Mr Frist seemed to take a moderate tack in the culture wars. In his 1989 book “Transplant” (part memoir, part cri de coeur about organ transplants) he was resolutely scientific rather than theological on the question of when life begins and ends. He even recommended changing the legal definition of “brain death” to make it easier to harvest the organs of anencephalic babies (who are born with a fatal neurological disorder but show signs of mental activity). Social conservatives fiercely resisted his elevation to the Senate leadership.

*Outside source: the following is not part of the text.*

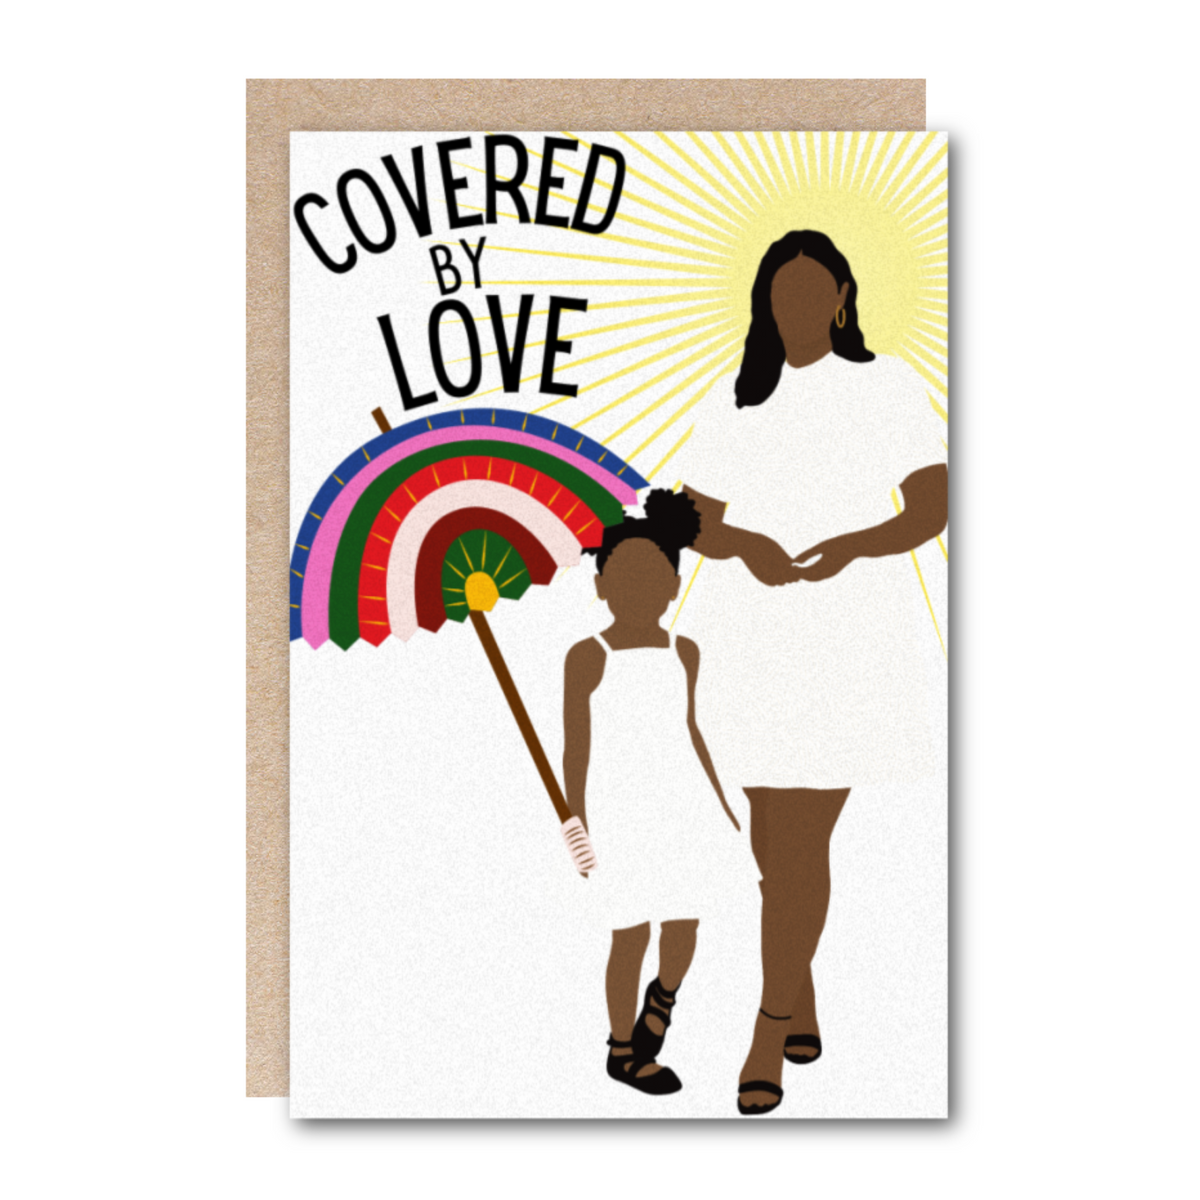 Covered By Love
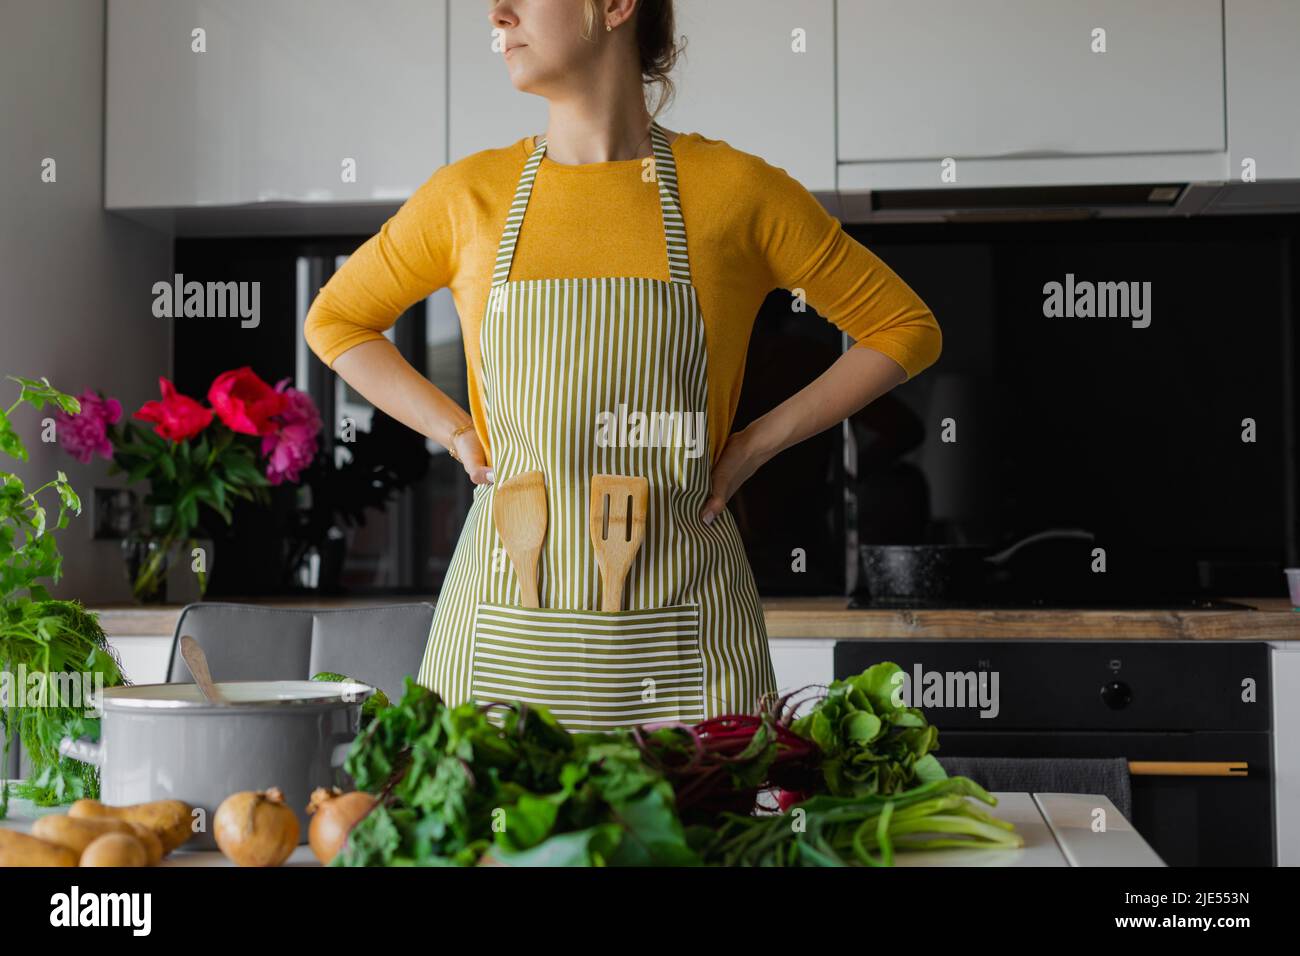 Cropped blonde woman in striped kitchen apron with wooden spatula utensil inside. Female arms akimbo, choose ingredients Stock Photo

But look at him now. One moment Fristy is leading the congressional charge into the Terri Schiavo case, masterminding a bill to give federal courts jurisdiction over the case, and “diagnosing” Ms Schiavo as being conscious on the basis of watching a video and talking to a neurologist who had not seen her for two years. The next he is threatening “the nuclear option”—changing the Senate's rules to stop Democrats filibustering judicial nominees. On April 24th he was a speaker—albeit by videotape—at a Christian rally at which the “oligarchs” of the Supreme Court were denounced as “unelected and unaccountable, arrogant and imperious, determined to redesign the culture according to their own biases and values.”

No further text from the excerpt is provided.